What is being asked:
Show, in full, each line of the data that contains "video".

[Stored items]
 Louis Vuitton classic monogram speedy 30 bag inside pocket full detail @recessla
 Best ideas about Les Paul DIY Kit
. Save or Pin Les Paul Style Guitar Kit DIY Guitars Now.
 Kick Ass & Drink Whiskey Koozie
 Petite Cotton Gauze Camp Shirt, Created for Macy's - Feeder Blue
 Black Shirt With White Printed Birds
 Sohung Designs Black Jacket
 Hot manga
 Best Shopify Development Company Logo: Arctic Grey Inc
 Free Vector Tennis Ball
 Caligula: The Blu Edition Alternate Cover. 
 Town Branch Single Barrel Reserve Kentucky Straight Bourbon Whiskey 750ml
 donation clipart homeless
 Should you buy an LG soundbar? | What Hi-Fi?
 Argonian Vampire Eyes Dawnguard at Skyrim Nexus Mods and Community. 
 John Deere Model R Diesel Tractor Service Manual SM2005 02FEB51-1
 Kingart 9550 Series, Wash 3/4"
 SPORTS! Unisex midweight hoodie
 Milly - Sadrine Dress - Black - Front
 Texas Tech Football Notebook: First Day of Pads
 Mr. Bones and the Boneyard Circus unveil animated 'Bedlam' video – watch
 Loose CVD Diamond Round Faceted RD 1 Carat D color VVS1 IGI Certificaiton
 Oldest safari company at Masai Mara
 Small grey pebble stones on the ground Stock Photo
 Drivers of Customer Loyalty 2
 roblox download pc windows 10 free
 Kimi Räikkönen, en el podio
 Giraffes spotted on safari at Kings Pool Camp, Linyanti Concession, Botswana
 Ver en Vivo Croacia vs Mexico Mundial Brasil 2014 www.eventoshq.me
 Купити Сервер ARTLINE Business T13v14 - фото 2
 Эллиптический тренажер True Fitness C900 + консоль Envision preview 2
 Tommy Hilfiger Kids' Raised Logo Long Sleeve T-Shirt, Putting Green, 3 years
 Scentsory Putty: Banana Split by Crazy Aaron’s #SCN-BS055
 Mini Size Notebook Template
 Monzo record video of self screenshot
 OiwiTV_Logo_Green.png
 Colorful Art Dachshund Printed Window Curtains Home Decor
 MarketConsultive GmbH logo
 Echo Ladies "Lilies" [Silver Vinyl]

Solution for this task:
 Mr. Bones and the Boneyard Circus unveil animated 'Bedlam' video – watch
 Monzo record video of self screenshot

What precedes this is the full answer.